I. Screening Requirement

Plaintiff Jesse Gholston ("Plaintiff") is a state prisoner proceeding pro se and in forma pauperis in this civil rights action pursuant to 42 U.S.C. § 1983. The complaint in this action was filed on July 31, 2009. (Doc. 1.) On December 29, 2009, the complaint was dismissed, with leave to amend, for failure to state a claim. (Doc. 7.) Currently pending before the Court is the first amended complaint, filed April 9, 2010. (Doc. 16.)

The Court is required to screen complaints brought by prisoners seeking relief against a governmental entity or officer or employee of a governmental entity. 28 U.S.C. § 1915A(a). The Court must dismiss a complaint or portion thereof if the prisoner has raised claims that are legally "frivolous or malicious," that "fails to state a claim on which relief may be granted," or that "seeks monetary relief against a defendant who is immune from such relief." 28 U.S.C § 1915(e)(2)(B).

In determining whether a complaint states a claim, the Court looks to the pleading standard under Federal Rule of Civil Procedure 8(a). Under Rule 8(a), a complaint must contain "a short and plain statement of the claim showing that the pleader is entitled to relief." Fed. R. Civ. P. 8(a)(2).

"[T]he pleading standard Rule 8 announces does not require 'detailed factual allegations,' but it demands more than an unadorned, the-defendant-unlawfully-harmed-me accusation." Ashcroft v. Iqbal, 129 S. Ct. 1937, 1949 (2009) (quoting Bell Atlantic Corp. v. Twombly, 550 U.S. 554, 555 (2007)).

Under section 1983, Plaintiff must demonstrate that each defendant personally participated in the deprivation of his rights. Jones v. Williams, 297 F.3d 930, 934 (9th Cir. 2002). This requires the presentation of factual allegations sufficient to state a plausible claim for relief.

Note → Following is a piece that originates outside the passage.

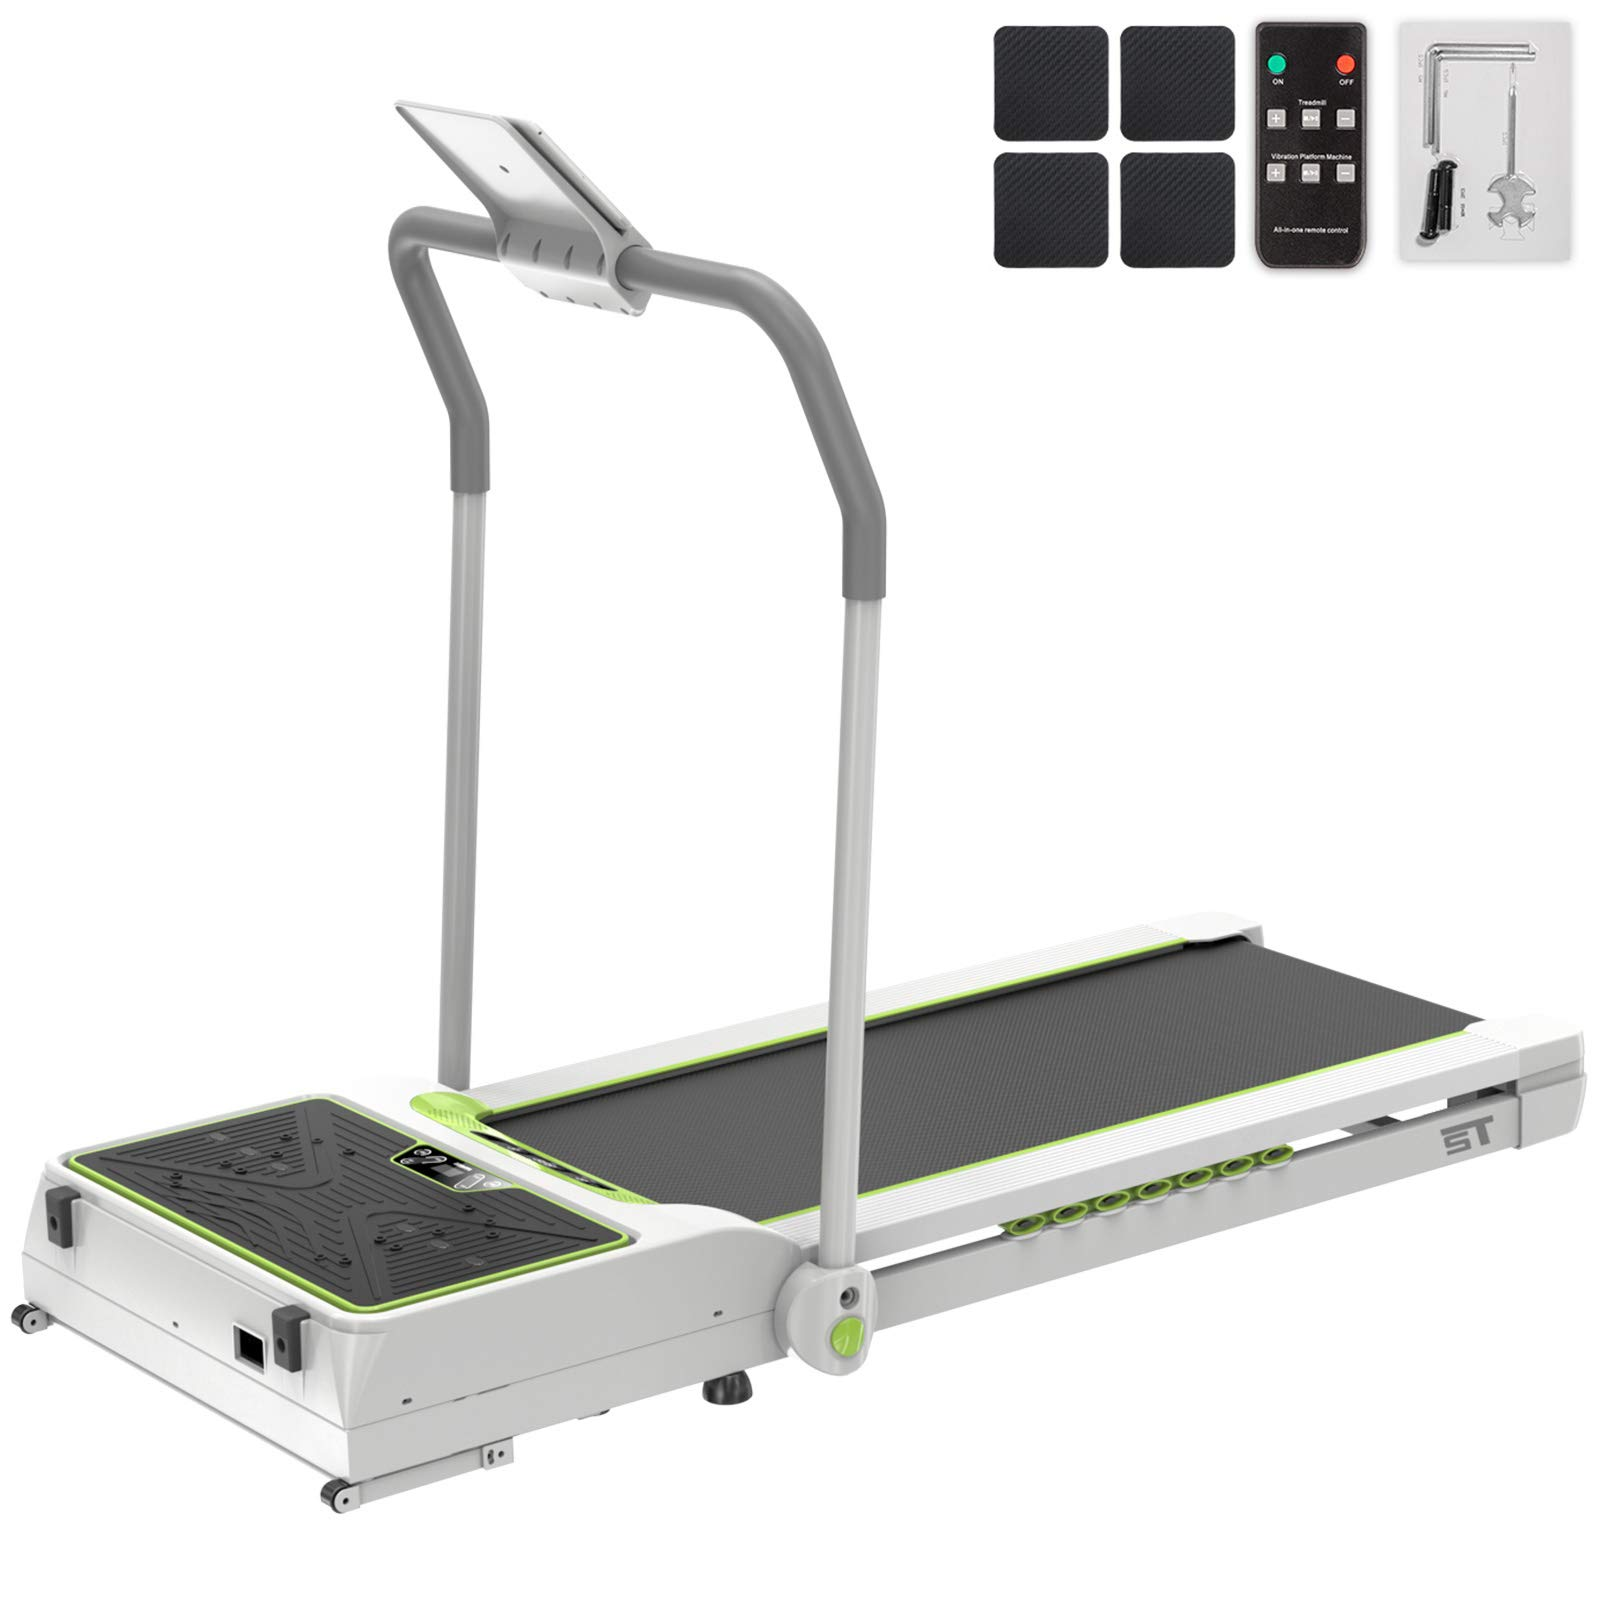 Popsport Smart Treadmill Vibration Platform 3 in 1 Integrate Running Quiet Treadly Treadmill Vibration Plate Folding Digital Portable Under Desk Treadmill Fitness for Home Office(Green with Handle) by Popsport

Iqbal, 129 S. Ct. at 1949-50; Moss v. U.S. Secret Service, 572 F.3d 962, 969 (9th Cir. 2009). "[A] complaint [that] pleads facts that are 'merely consistent with' a defendant's liability . . . 'stops short of the line between possibility and plausibility of entitlement to relief.'" Iqbal, 129 S. Ct. at 1949 (quoting Twombly, 550 U.S. at 557). Further, although a court must accept as true all factual allegations contained in a complaint, a court need not accept a plaintiff's legal conclusions as true. Iqbal, 129 S. Ct. at 1949. "Threadbare recitals of the elements of a cause of action, supported by mere conclusory statements, do not suffice." Id. (quoting Twombly, 550 U.S. at 555).

II. Complaint Allegations

Plaintiff, a developmentally disabled inmate in the custody of the Department of Corrections and Rehabilitation, is incarcerated at California State Prison, Corcoran. In February 2007, Plaintiff was placed in a cell due to a involuntary cell assignment. (Doc. 16, ¶ 12; p. 13.) Plaintiff, fearful of the change, was told by correctional officers that his new cellmate was an "alright standup guy." (Id., ¶¶ 13, 14.) Within twenty four hours of being placed in the new cell, Plaintiff was raped and beaten by his cellmate, inmate Briggs. (Id., ¶ 14.) Inmate Briggs identified himself as a member of the "Black Gorilla Family" and told Plaintiff that if he told what had happened he would be killed. Plaintiff believed he would be killed if he told anyone what had occurred. (Id., ¶ 17.)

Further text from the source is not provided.